Available data
****************

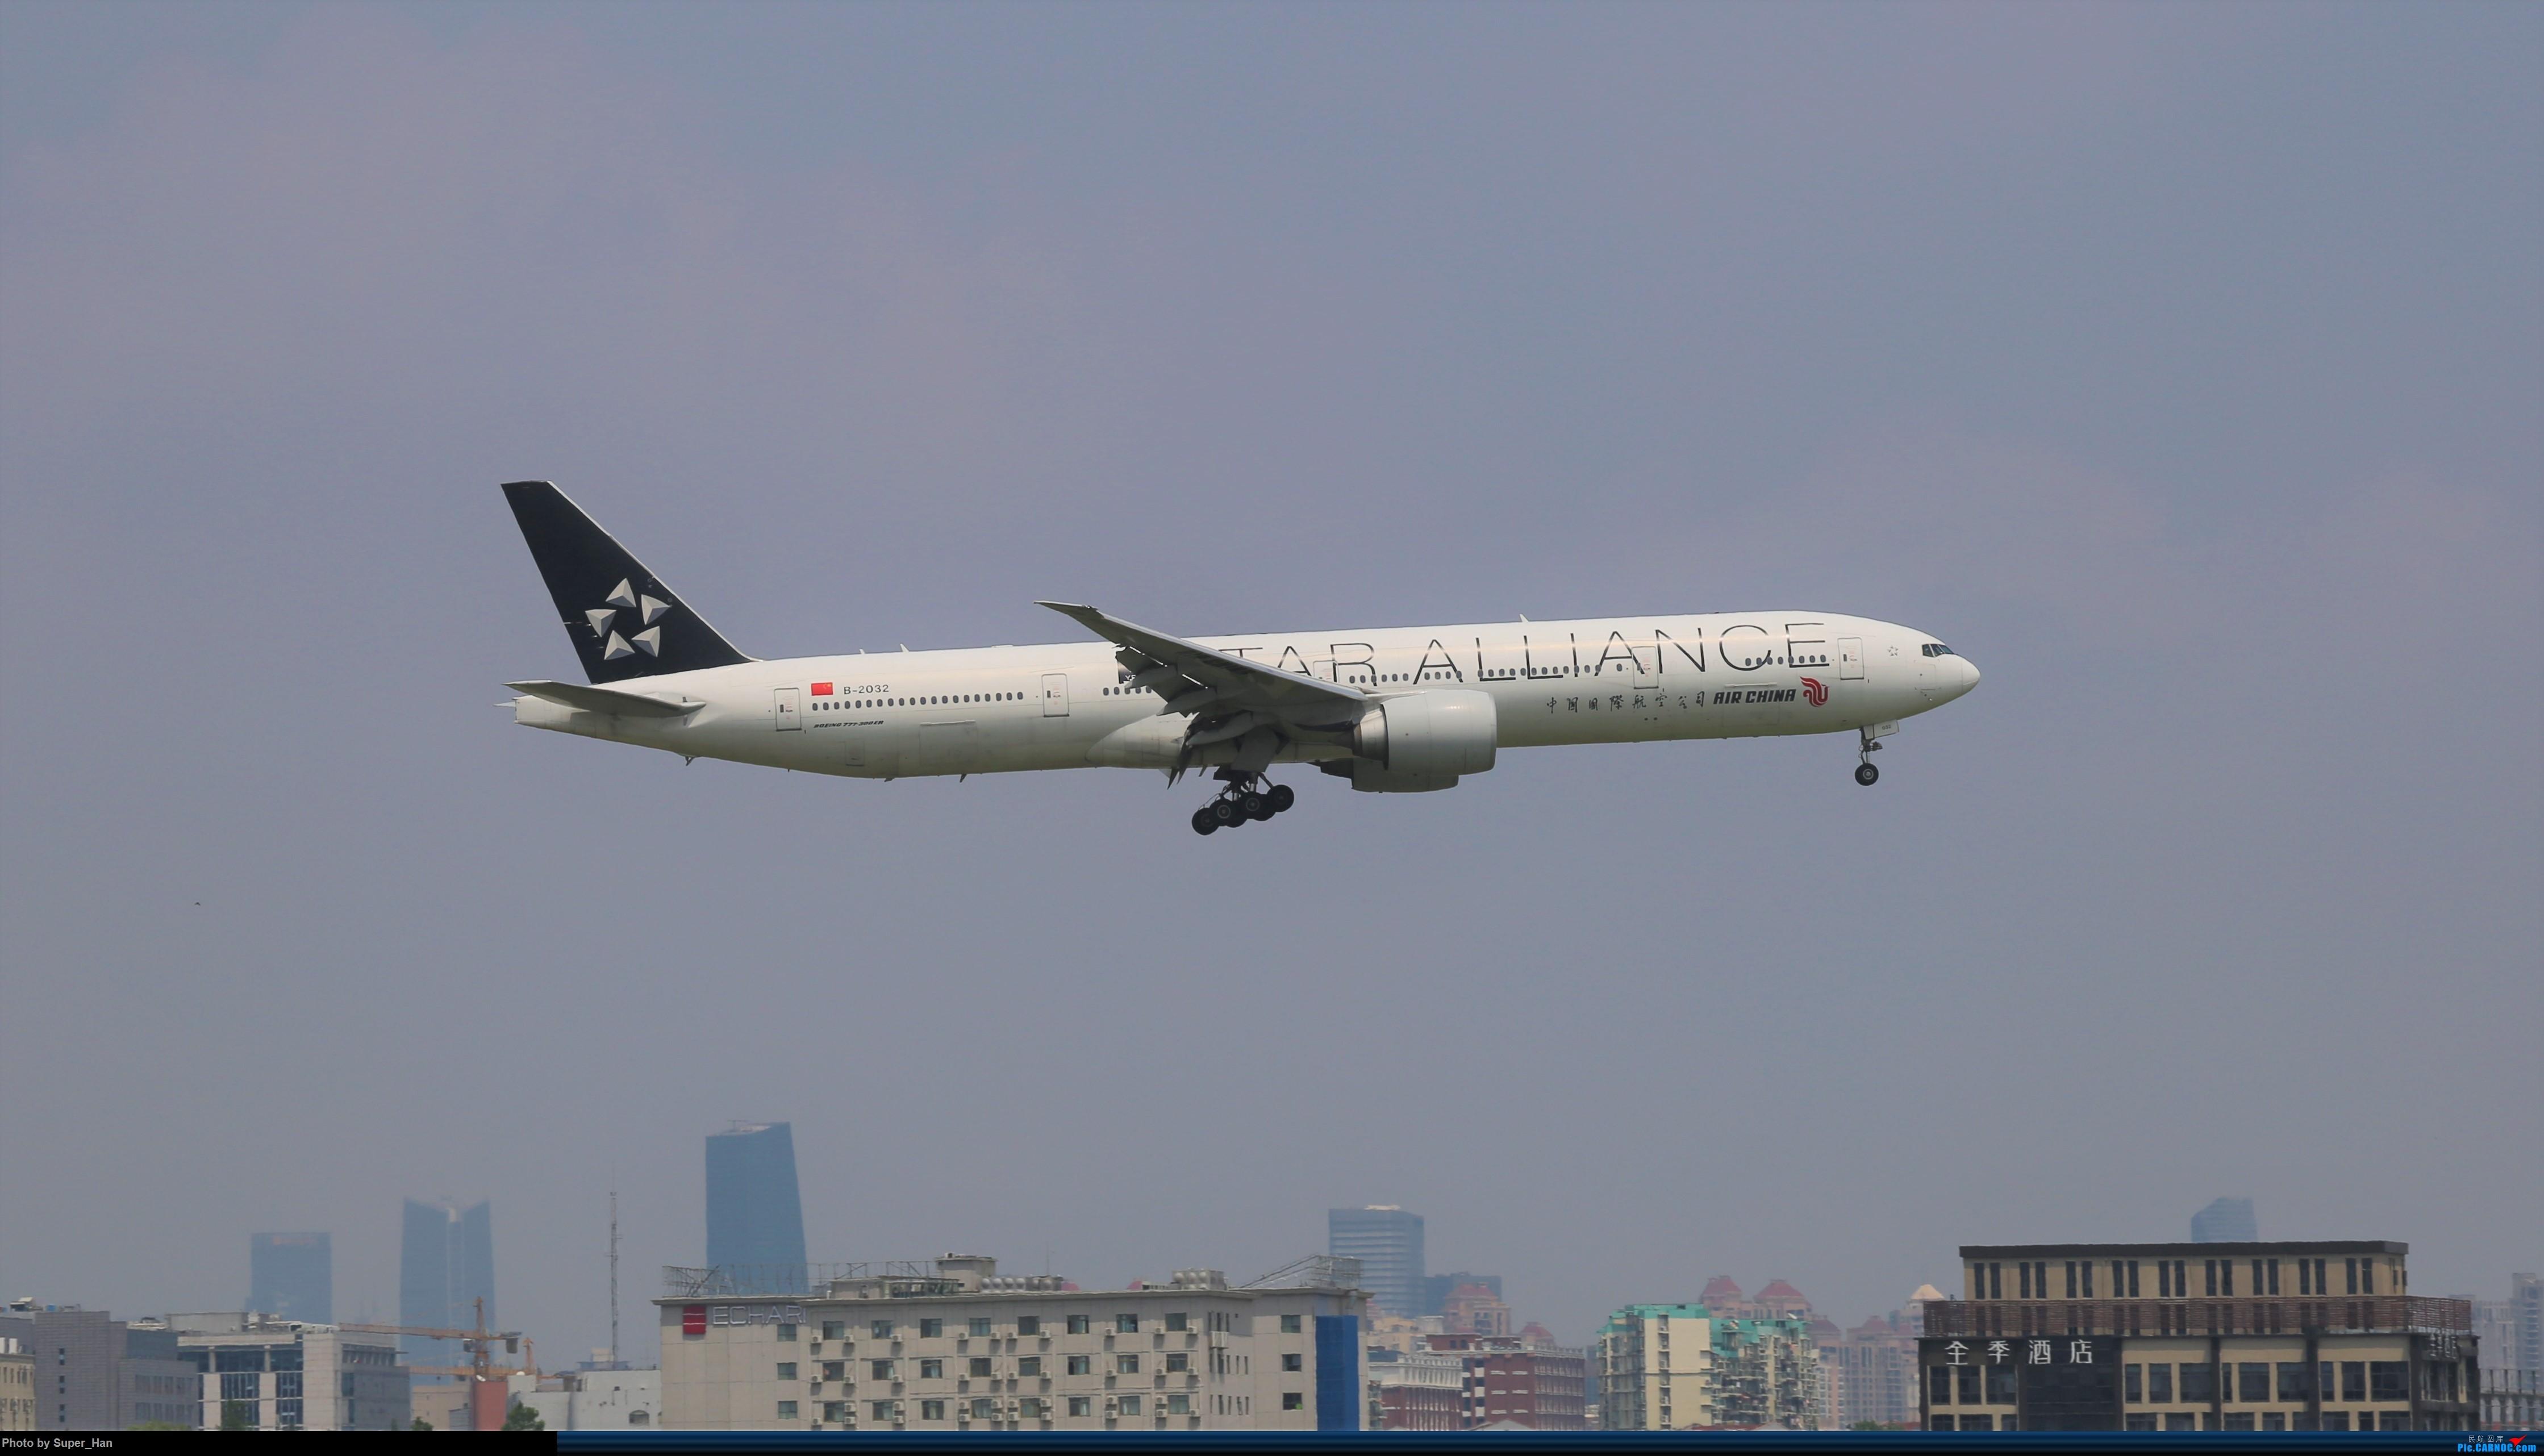 【杭州飞友会】0715去虹桥说走就走【777篇】 BOEING 777-300ER B-2032 中国上海虹桥国际机场
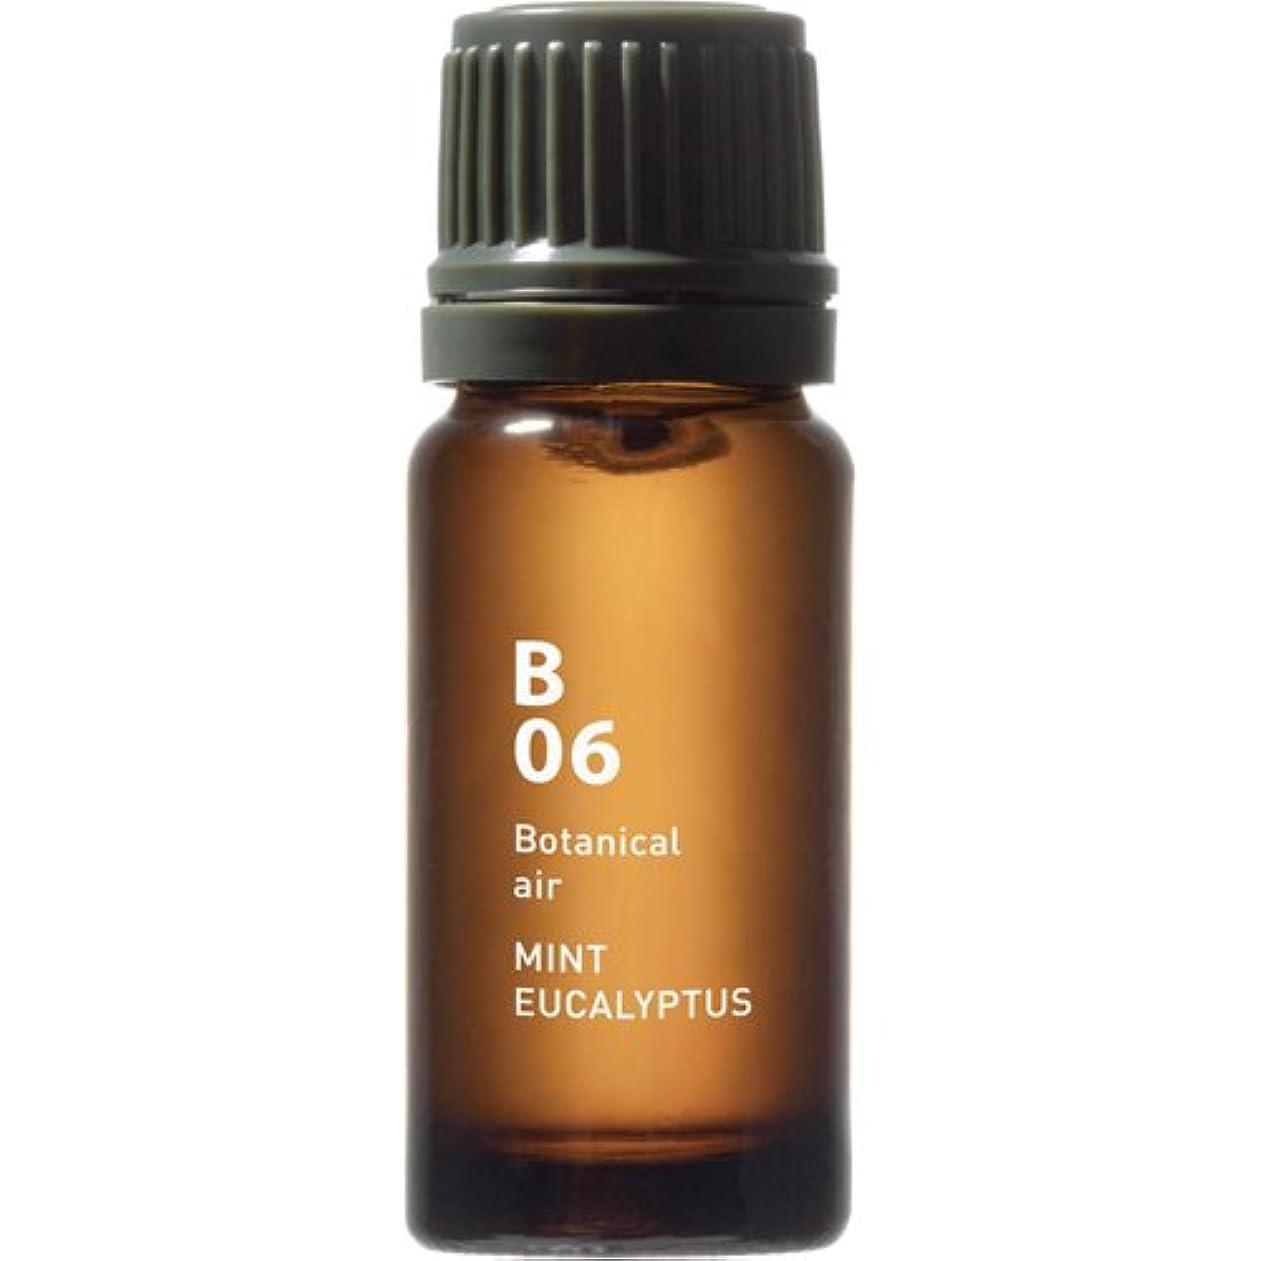 マンモス非難する交流するB06 ミントユーカリ Botanical air(ボタニカルエアー) 10ml
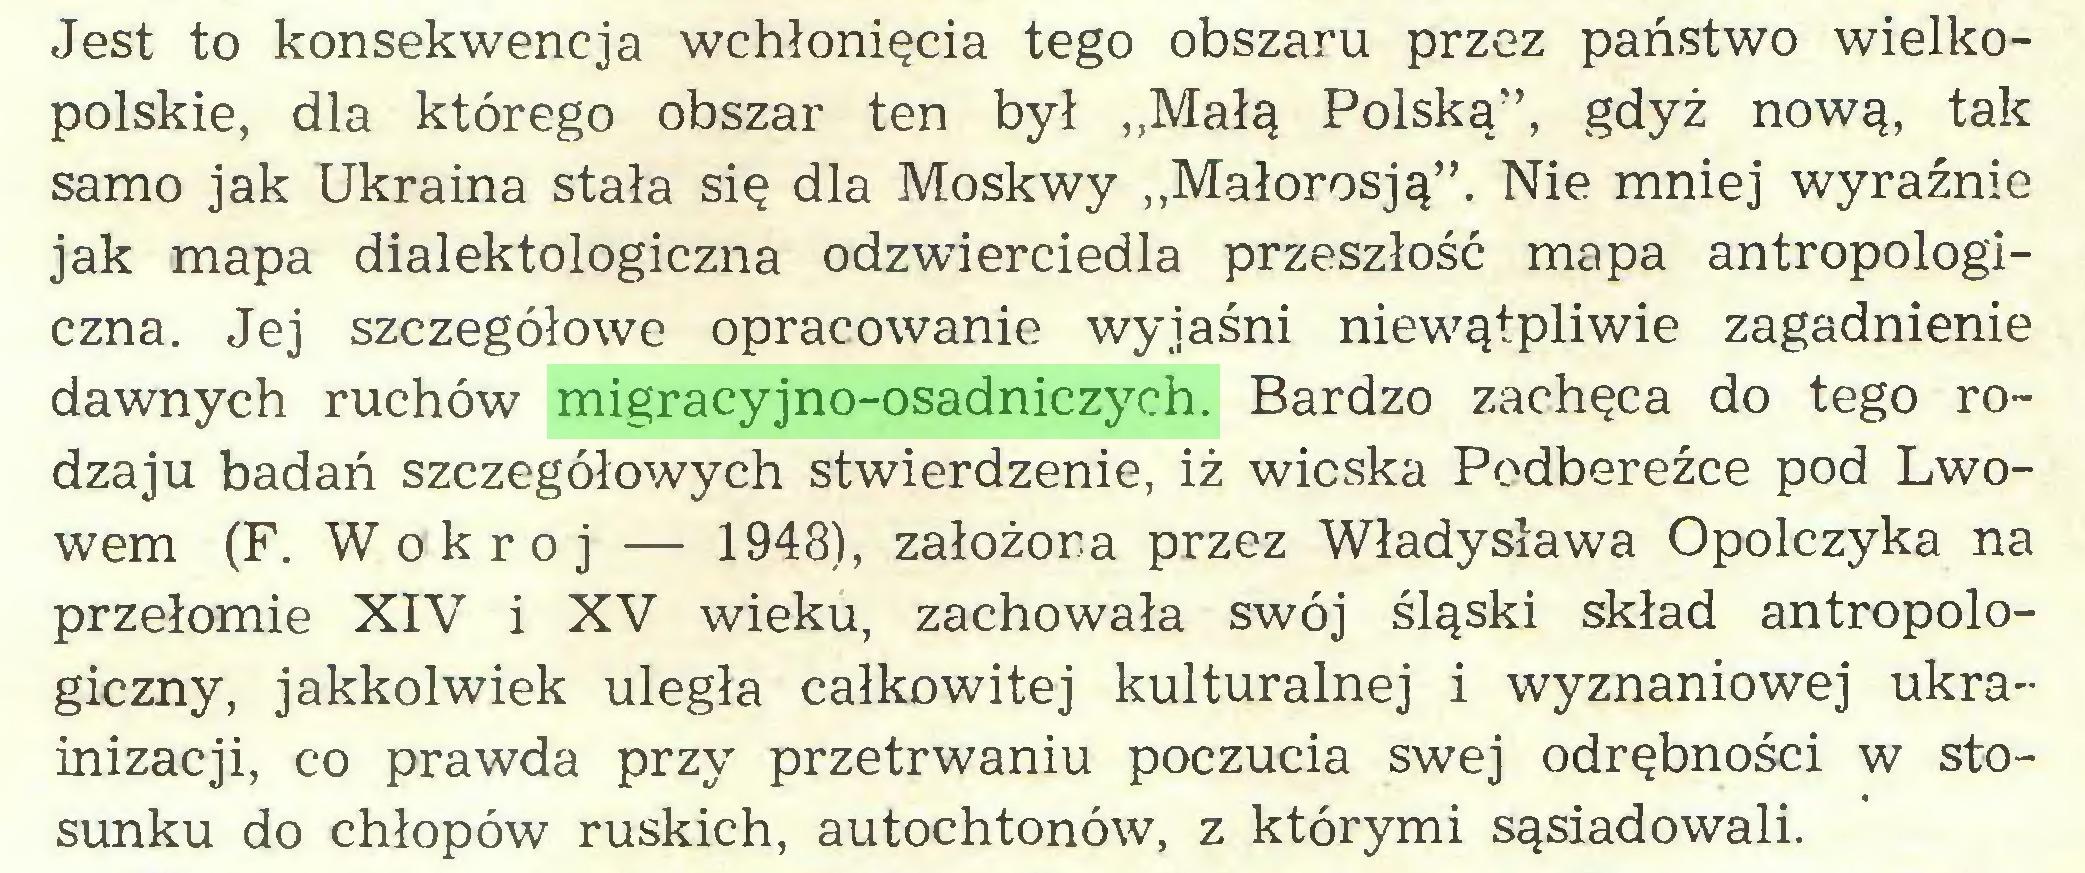 """(...) Jest to konsekwencja wchłonięcia tego obszaru przez państwo wielkopolskie, dla którego obszar ten był ,,Małą Polską"""", gdyż nową, tak samo jak Ukraina stała się dla Moskwy """"Małorosją"""". Nie mniej wyraźnie jak mapa dialektologiczna odzwierciedla przeszłość mapa antropologiczna. Jej szczegółowe opracowanie wyjaśni niewątpliwie zagadnienie dawnych ruchów migracyjno-osadniczych. Bardzo zachęca do tego rodzaju badań szczegółowych stwierdzenie, iż wioska Podbereźce pod Lwowem (F. Wokroj — 1948), założona przez Władysława Opolczyka na przełomie XIV i XV wieku, zachowała swój śląski skład antropologiczny, jakkolwiek uległa całkowitej kulturalnej i wyznaniowej ukrainizacji, co prawda przy przetrwaniu poczucia swej odrębności w stosunku do chłopów ruskich, autochtonów, z którymi sąsiadowali..."""

****************

About this task
The lines running from the beginning of the listing above through the line that holds "マンモス非難する交流するB06 ミントユーカリ Botanical" are to be duplicated exactly, both ends kept, pictures omitted.

Task result
 【杭州飞友会】0715去虹桥说走就走【777篇】 BOEING 777-300ER B-2032 中国上海虹桥国际机场
 マンモス非難する交流するB06 ミントユーカリ Botanical air(ボタニカルエアー) 10ml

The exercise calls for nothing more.